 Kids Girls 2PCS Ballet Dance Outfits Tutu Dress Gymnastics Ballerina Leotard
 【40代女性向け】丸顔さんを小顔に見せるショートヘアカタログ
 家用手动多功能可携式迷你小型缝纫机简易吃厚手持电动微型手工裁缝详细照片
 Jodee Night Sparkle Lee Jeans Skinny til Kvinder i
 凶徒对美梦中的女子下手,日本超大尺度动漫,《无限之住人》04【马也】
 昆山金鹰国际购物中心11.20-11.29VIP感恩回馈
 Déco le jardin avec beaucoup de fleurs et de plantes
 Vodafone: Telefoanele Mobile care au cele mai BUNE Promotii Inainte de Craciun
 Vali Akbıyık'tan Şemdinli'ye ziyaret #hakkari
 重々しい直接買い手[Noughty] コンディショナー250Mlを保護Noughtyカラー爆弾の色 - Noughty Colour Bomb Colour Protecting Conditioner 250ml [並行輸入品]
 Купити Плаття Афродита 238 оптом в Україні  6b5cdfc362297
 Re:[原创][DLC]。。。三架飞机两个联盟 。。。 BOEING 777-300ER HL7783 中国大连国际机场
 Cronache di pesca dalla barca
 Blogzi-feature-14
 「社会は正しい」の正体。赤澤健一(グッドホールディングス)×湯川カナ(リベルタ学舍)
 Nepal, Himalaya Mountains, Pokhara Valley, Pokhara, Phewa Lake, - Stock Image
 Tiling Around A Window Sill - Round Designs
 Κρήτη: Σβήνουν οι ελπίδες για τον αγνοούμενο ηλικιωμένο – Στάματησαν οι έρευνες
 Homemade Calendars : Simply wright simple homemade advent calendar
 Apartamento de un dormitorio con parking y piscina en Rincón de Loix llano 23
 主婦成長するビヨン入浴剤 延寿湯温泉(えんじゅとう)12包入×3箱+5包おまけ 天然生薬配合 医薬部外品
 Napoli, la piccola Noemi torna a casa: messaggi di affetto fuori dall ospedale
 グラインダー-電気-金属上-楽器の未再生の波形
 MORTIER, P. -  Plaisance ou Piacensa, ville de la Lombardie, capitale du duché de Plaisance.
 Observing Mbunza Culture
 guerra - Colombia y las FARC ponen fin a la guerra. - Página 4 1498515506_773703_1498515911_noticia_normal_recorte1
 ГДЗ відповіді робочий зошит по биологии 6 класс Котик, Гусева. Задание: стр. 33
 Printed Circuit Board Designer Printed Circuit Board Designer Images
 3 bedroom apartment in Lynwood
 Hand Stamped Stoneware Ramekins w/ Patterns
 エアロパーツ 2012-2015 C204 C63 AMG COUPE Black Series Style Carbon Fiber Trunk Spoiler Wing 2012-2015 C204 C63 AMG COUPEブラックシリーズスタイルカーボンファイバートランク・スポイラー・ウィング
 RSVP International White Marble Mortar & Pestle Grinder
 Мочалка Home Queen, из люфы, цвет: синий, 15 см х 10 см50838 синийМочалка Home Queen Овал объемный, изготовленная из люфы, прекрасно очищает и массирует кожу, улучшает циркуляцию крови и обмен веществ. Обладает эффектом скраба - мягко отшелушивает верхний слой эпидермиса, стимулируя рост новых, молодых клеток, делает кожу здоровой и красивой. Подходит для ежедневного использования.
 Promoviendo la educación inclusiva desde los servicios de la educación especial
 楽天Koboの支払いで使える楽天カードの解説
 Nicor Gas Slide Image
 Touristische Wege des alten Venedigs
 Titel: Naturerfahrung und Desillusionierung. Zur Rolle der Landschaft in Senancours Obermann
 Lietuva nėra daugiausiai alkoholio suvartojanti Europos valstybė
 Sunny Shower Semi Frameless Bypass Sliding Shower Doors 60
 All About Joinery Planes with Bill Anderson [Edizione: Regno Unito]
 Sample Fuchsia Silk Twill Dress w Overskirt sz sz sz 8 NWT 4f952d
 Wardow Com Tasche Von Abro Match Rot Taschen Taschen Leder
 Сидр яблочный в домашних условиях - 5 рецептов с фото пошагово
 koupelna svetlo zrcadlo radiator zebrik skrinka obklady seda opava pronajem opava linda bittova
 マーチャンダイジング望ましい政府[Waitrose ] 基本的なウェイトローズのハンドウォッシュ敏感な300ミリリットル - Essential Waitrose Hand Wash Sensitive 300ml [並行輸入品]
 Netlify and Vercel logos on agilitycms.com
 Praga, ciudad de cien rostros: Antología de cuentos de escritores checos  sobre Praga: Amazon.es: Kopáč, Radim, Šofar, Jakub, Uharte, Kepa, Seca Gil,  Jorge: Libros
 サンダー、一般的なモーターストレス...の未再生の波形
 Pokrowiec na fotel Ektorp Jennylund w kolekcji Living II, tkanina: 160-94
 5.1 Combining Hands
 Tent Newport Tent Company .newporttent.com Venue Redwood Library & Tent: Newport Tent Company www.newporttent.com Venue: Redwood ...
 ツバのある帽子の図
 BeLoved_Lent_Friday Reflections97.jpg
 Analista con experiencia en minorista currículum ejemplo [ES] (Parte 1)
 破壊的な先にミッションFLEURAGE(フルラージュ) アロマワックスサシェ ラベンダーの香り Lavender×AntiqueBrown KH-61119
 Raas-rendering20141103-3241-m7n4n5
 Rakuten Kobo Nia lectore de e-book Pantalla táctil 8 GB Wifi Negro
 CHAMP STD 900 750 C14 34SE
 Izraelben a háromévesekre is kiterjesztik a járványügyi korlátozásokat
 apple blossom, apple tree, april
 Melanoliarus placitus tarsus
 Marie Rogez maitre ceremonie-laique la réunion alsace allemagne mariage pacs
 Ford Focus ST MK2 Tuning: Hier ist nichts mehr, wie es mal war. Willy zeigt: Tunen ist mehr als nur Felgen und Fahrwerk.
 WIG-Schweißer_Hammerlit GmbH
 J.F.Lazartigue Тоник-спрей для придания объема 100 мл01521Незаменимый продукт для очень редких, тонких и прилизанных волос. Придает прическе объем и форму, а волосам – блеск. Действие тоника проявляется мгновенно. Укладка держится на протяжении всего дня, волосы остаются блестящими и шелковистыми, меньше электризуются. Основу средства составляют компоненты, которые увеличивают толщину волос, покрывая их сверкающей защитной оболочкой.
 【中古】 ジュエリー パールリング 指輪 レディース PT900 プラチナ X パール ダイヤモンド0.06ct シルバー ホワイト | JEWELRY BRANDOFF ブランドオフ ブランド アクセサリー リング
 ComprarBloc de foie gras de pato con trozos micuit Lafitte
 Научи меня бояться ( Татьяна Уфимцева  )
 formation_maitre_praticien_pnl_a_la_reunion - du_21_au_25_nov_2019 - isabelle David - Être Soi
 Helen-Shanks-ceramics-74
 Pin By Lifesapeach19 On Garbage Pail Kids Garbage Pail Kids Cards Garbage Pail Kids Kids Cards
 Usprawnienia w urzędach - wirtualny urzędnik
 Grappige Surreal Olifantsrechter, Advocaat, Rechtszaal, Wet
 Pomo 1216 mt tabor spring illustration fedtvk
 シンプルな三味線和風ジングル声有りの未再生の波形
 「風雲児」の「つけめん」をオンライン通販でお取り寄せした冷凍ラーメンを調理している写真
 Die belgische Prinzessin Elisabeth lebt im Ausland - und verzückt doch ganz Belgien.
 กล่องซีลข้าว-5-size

### Exercise aim
Above are the lines; repeat exactly the ones from the line containing "Sunny Shower Semi" down to the line containing "サンダー、一般的なモーターストレス...の未再生の波形", both inclusive.

### Answer for the task
 Sunny Shower Semi Frameless Bypass Sliding Shower Doors 60
 All About Joinery Planes with Bill Anderson [Edizione: Regno Unito]
 Sample Fuchsia Silk Twill Dress w Overskirt sz sz sz 8 NWT 4f952d
 Wardow Com Tasche Von Abro Match Rot Taschen Taschen Leder
 Сидр яблочный в домашних условиях - 5 рецептов с фото пошагово
 koupelna svetlo zrcadlo radiator zebrik skrinka obklady seda opava pronajem opava linda bittova
 マーチャンダイジング望ましい政府[Waitrose ] 基本的なウェイトローズのハンドウォッシュ敏感な300ミリリットル - Essential Waitrose Hand Wash Sensitive 300ml [並行輸入品]
 Netlify and Vercel logos on agilitycms.com
 Praga, ciudad de cien rostros: Antología de cuentos de escritores checos  sobre Praga: Amazon.es: Kopáč, Radim, Šofar, Jakub, Uharte, Kepa, Seca Gil,  Jorge: Libros
 サンダー、一般的なモーターストレス...の未再生の波形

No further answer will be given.